Ngandela v Absa Bank Limited and Another (EL 1637/2021) [2023] ZAECELLC 48 (31 January 2023)


IN THE HIGH COURT OF SOUTH AFRICA

(EAST LONDON LOCAL CIRCUIT DIVISION)

 

CASE NO: EL 1637/2021

Shape1

 

(1) REPORTABLE: YES / NO

(2) OF INTEREST TO OTHER JUDGES: YES/NO

(3) REVISED.

 

…………………….. ………………………...

DATE SIGNATURE

 

 

 

 

 

 

 

 

 

 

 

In the matter between:

 

NDODOMZI DAVID NGANDELA Applicant

 

and

 

ABSA BANK LIMITED 1st Respondent

 

SHERIFF OF THE HIGH COURT 2nd Respondent

 

______________________________________________________________

 

J U D G M E N T

______________________________________________________________

DREYER AJ

Introduction

[1] In 2019, the applicant secured finance from the respondent, ABSA Bank Limited (“Absa Bank”) for the finance of a 2018 Volkswagen Golf V11 GTI 2.1 SI, with engine number […] and chassis number […] (“the motor vehicle”). The finance for the purchase of the motor vehicle was regulated by an instalment sale agreement. The applicant failed to make certain monthly instalment payments. After issuing summons against the applicant, on 25 March 2022, the registrar of this court (“the Registrar”), granted Absa Bank default judgement which included inter alia the confirmation of the cancellation of the instalment sale agreement and that the applicant deliver the motor vehicle to Absa Bank.

[2] This judgement concerns the validity the default judgement granted by the Registrar.

[3] A number of recent decisions have considered the power of the registrar to grant default judgement relating to credit agreements. In the decisions of Theu v FirstRand Auto Receivables (RF) Limited and another 1; Xulu v Standard Bank of South Africa Limited and Others2; and Seleka v Fast Issuer SPV ( RF) Limited and Another3, the courts have held that the registrar of the court is not empowered to grant such default judgement.

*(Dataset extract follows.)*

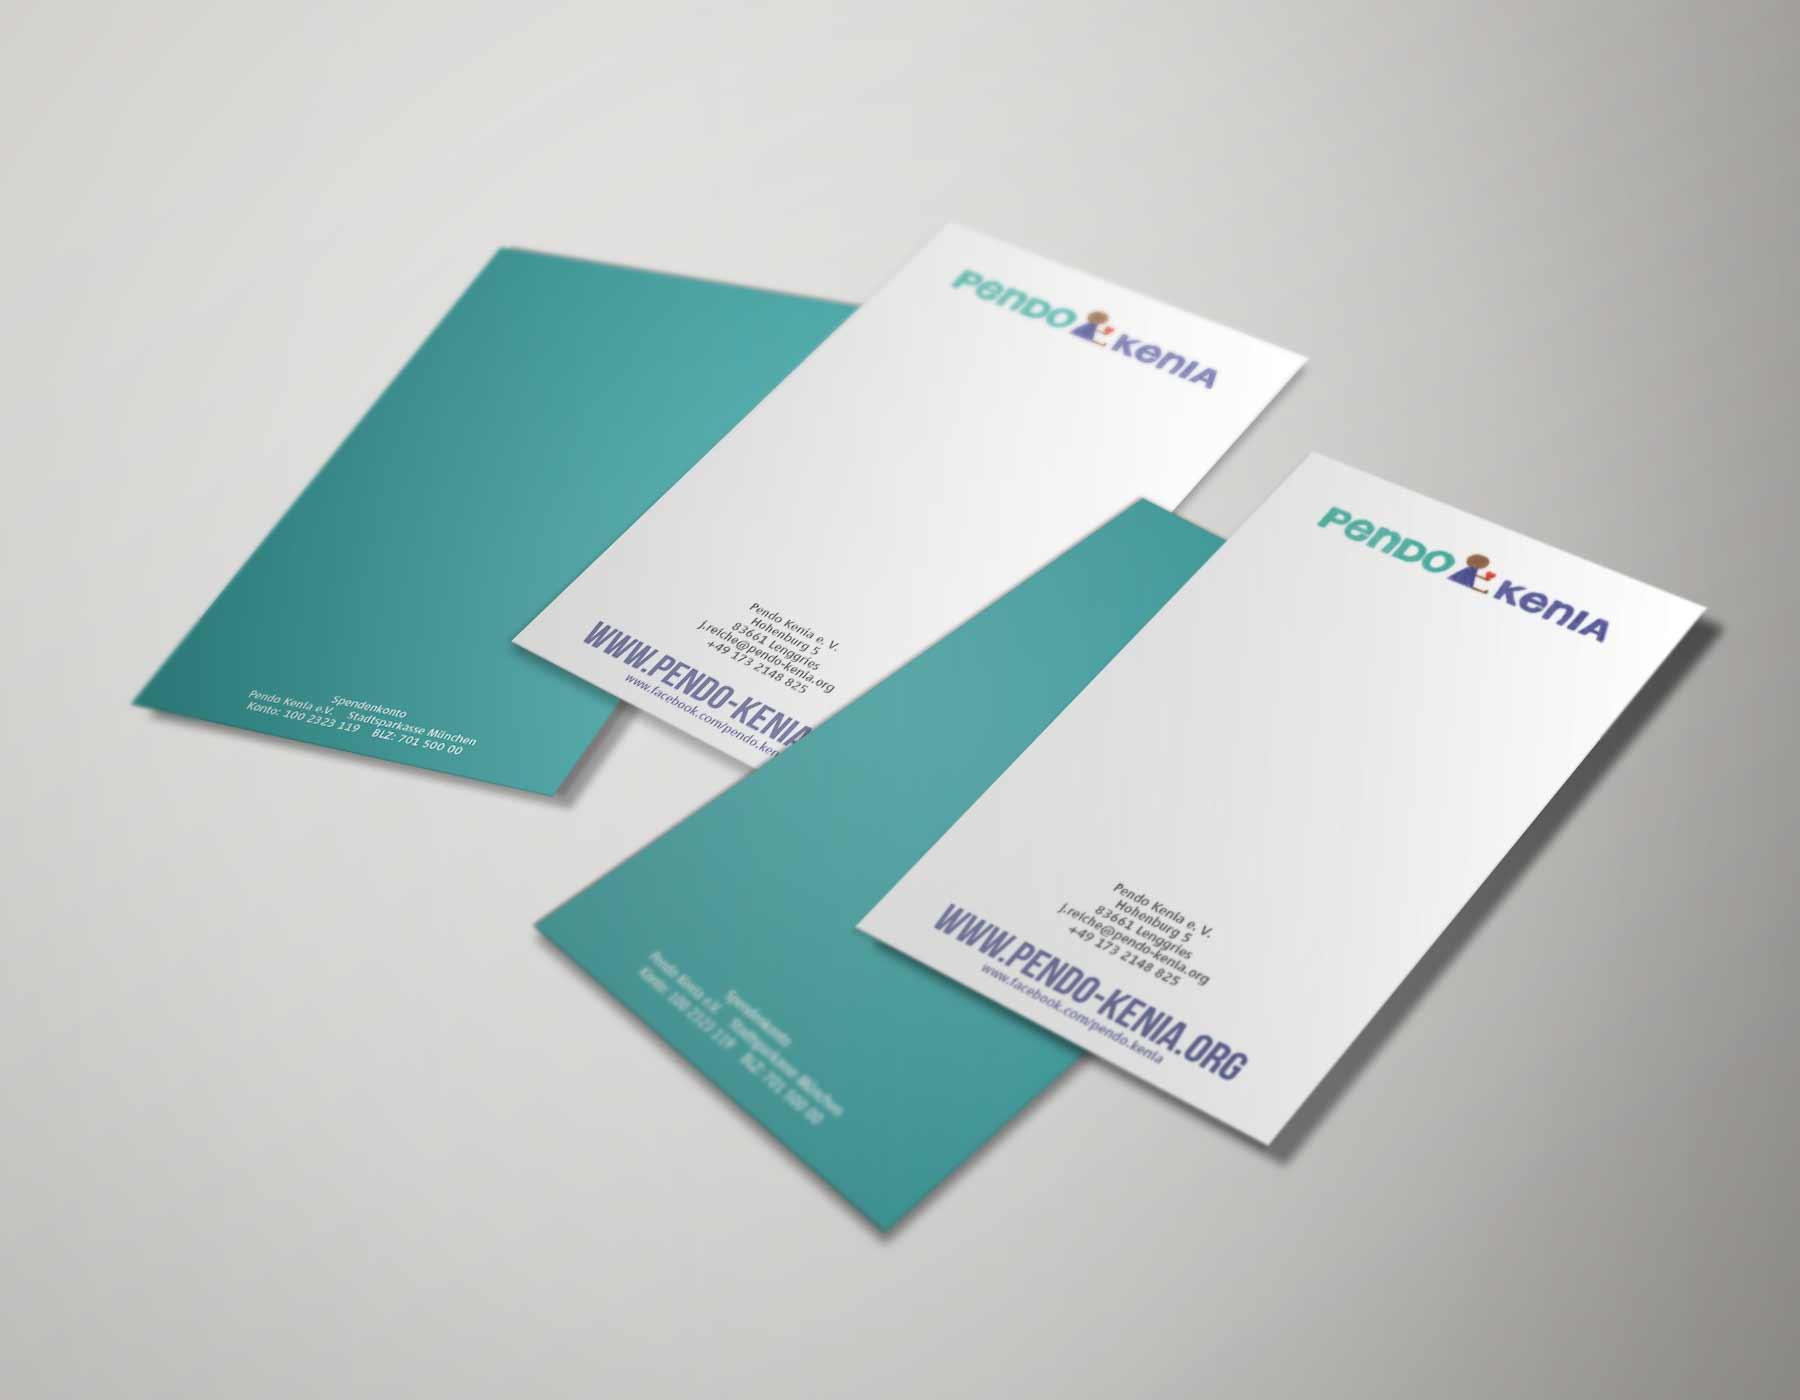 PendoKenia-mockup-flyer01

[4] All these decisions refer with approval to the concurring majority decision Jafta J in Nkata v FirstRand Bank Limited and Others (Socioeconomic Rights Institution of South Africa as amicus curiae)4 (“the Nkata decision”) that the pre-emptory language of s130 of the National Credit Act 5 (“NCA”) requires the court, not a registrar of the court, to consider the enforcement of a credit agreement. The credit provider, Jafta J held

sought and obtained a default judgment from the registrar of the High Court, something that is incompatible with s 130(3) which requires such matters to be determined by the court. (my emphasis)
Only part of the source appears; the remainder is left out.